After the tree-sit began, Land Commissioner Upthegrove, who placed a six-month pause on logging legacy forests, condemned the sitters saying, “This stunt is dangerous, reckless and counterproductive…. Their actions put the safety and lives of my employees at risk, and I will seek the prosecution of those involved to the fullest extent of the law. This kind of dangerous vandalism makes it harder to advance a positive environmental agenda.”

The sitters’ message, on the other hand, was: “Dave Upthegrove promised to protect mature forests. We are here helping him keep his promise.”

Upthegrove’s threats ignited phone calls and emails to his office, including from some who had worked for him because of his campaign pledges. Nonetheless on May 28, he doubled down on threats to the Forest Defenders, saying, “We intend to hold those responsible accountable.”

A statement on DNR’s website says Upthegrove is reassessing the process on legacy forests, but that, “Some paused sales could be reconfigured and brought forward to auction once the criteria to exclude structurally complex forests that are critical to carbon storage and habitat biodiversity are developed.” Upthegrove also said he’s committed to protect sales approved before he took office, saying, “It’s important to defend policies and the authority of the agency.”

It’s unclear what DNR will do after the six-month “pause” in legacy forest sales ends. In a letter to Clallam County Democrats, Upthegrove said he intended to bring forward a policy to protect 77,000 acres of older forests, a significant step if done, though less than the 106,000 acres of legacy forest currently unprotected. He claimed, without evidence, that the tree-sit had endangered DNR employees.

After first ordering a two-week injunction against logging and compelling DNR to produce administrative records supporting its decision to approve the timber sales, a Clallam County Superior Court judge refused to extend the injunction past May 23. On June 6, she ruled against an LFDC filing which sought to prevent logging until both lawsuits could receive a full hearing on their merits. Hearings on the merits should be held in coming months.

Dunne told Truthout that she was disappointed in the judge’s ruling. “Existing policies aside, what we need today is action commensurate with the gravity of the extinction and biodiversity crisis: a clear directive creating an Ecological Forest Reserve and permanently protecting all remaining legacy forests on state lands for their intrinsic value and as essential to the survival of all species,” she said.

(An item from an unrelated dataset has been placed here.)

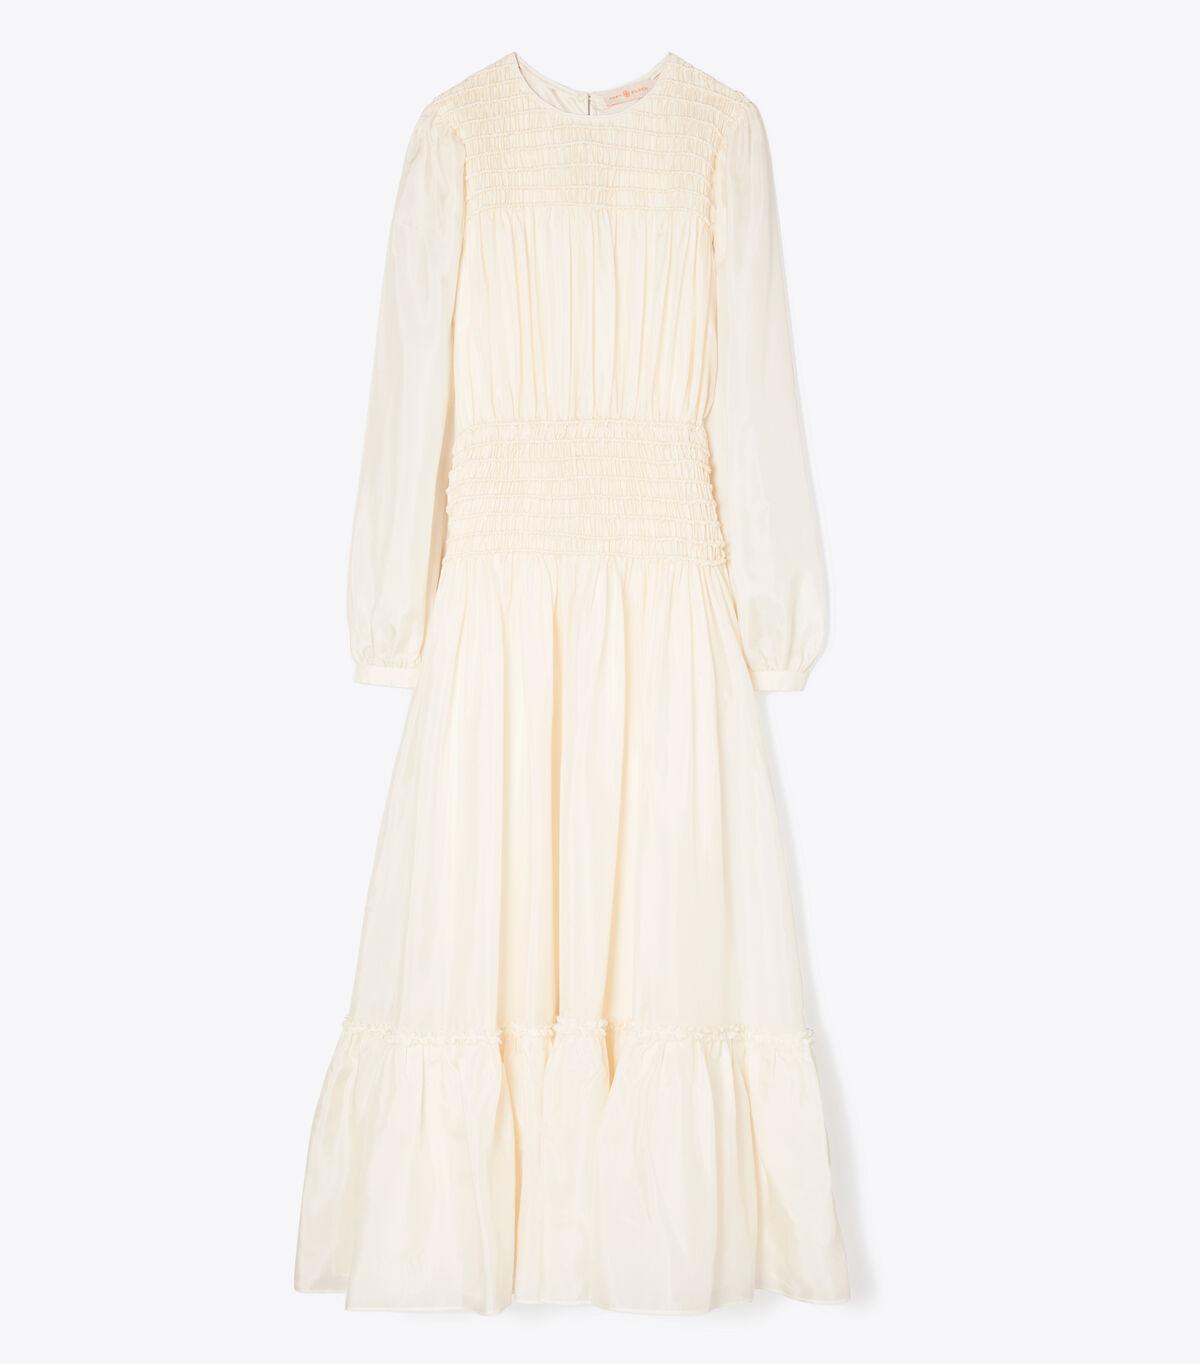 CORDED DRESS

On June 13, police of unknown affiliation swept the camp, seizing supplies and hindering the ability of the encampment to protect the tree-sitter’s life. (A DNR spokesperson told Truthout he couldn’t comment on the raid of the encampment or the vigilante attacks, only saying DNR had “cleared the many makeshift barricades” on the logging road.) Despite this, the community rallied in support, bringing new supplies and people to keep the sit protected.

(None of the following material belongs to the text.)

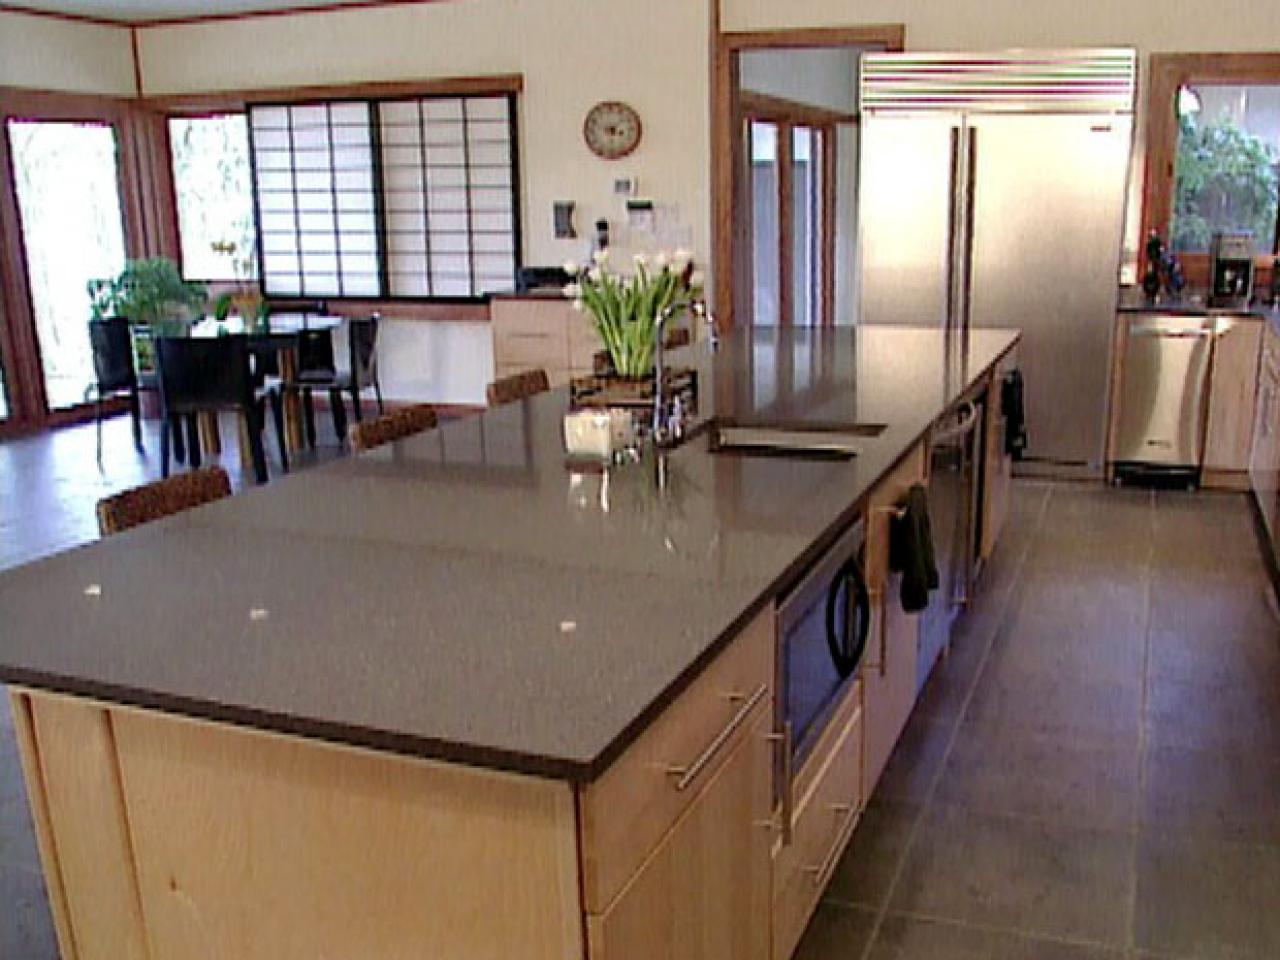 zen kitchen design photos photo - 7

Over the next days, violent vigilantes attacked the tree-sit twice. They tampered with the cable and tripod anchoring the platform supporting the tree-sitter, causing it to dangerously dip. Vigilantes also drunkenly threatened to kill the Forest Defenders and threw bottles around. One pointed a gun at Forest Defenders, walking aggressively toward them and then shot into the forest. After this, the Defenders decided to safely evacuate the site before someone was hurt or killed.

At press time, the tree-sit and encampment are gone but the outcome with the threatened forests remains undetermined. Those protecting the forests remain committed to their aims and lawsuits on the merits of the logging remain to be heard.

“Dave Upthegrove ran as a progressive, and that’s kind of the first and main legislator we’re pushing back against right now. I don’t know that we would have done things any different if there weren’t these sort of executive orders (like Trump’s on timber sales) going into place, and this sort of over-escalation and fascism in our country … and is giving people hope that even under a really threatening administration, we can keep pushing back against it,” Fable told Truthout.